If storm surges were built to protect lower Manhattan, it will make storms hit much harder in the surrounding areas, including some of those that were the worst hit by Superstorm Sandy — Staten Island, The Jersey Shore and Long Island.After Sandy’s aftermath, many people have suggested spending billions to build a storm surge barrier around New York City, but Catherine Seavitt Nordenson, of City College Of New York’s Spitzer School of Architecture, has a problem with that.
“If you mitigate to protect Lower Manhattan, you increase the impact in other areas,” Nordenson said in a statement. “Everyone outside of the surge protection zone would be in jeopardy because the water doesn’t get reduced, it just goes somewhere else. It’s an environmental justice issue. You can’t just save Wall Street.”

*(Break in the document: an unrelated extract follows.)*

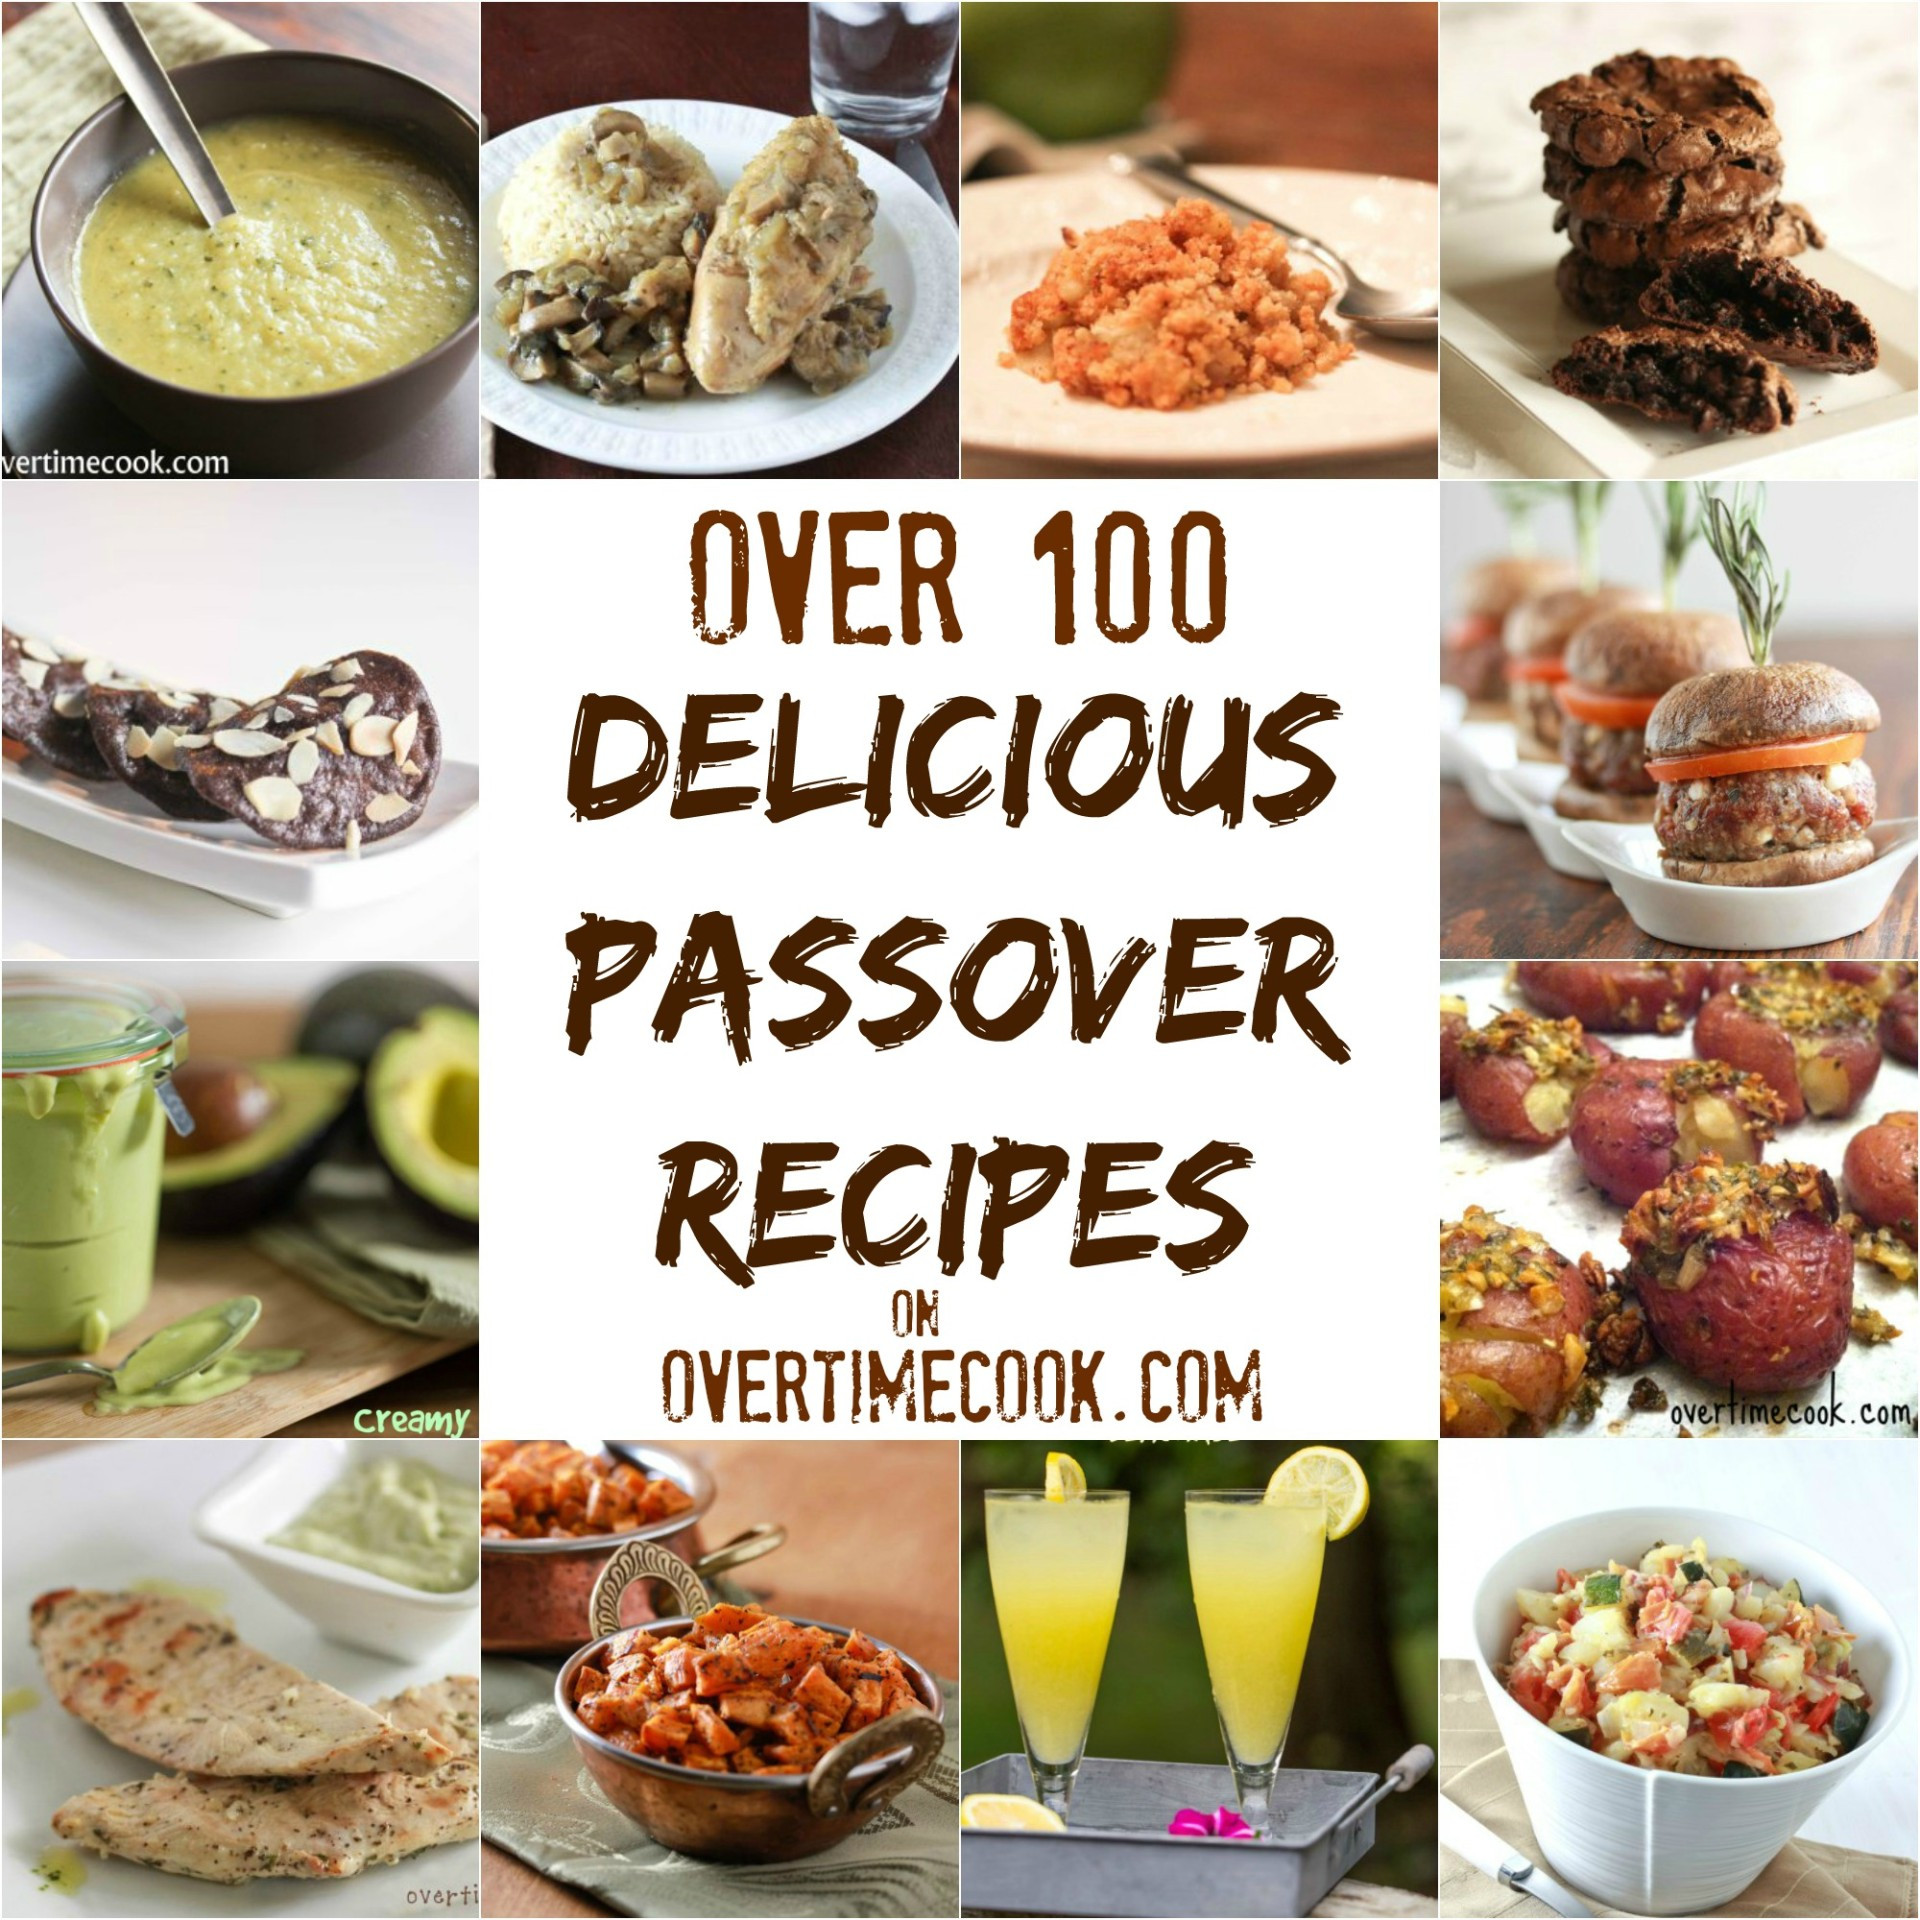 Food For Passover
 Over 100 Delicious Passover Recipes Overtime Cook

Instead of storm surge barriers, Nordenson recommends using techniques from nature and ecology to improve the city’s ability to deal with storm surges. For instance, improving the infrastructure of the subways, highways and power plants. She says this will also be cheaper than building surge stoppers.
“There are things we can do besides building higher and higher seawalls everywhere,” Nordenson said. “For example, if we replace a wall with a gradient edge that slopes into the water or we give the shoreline a more irregular shape there will be more room to accommodate water.”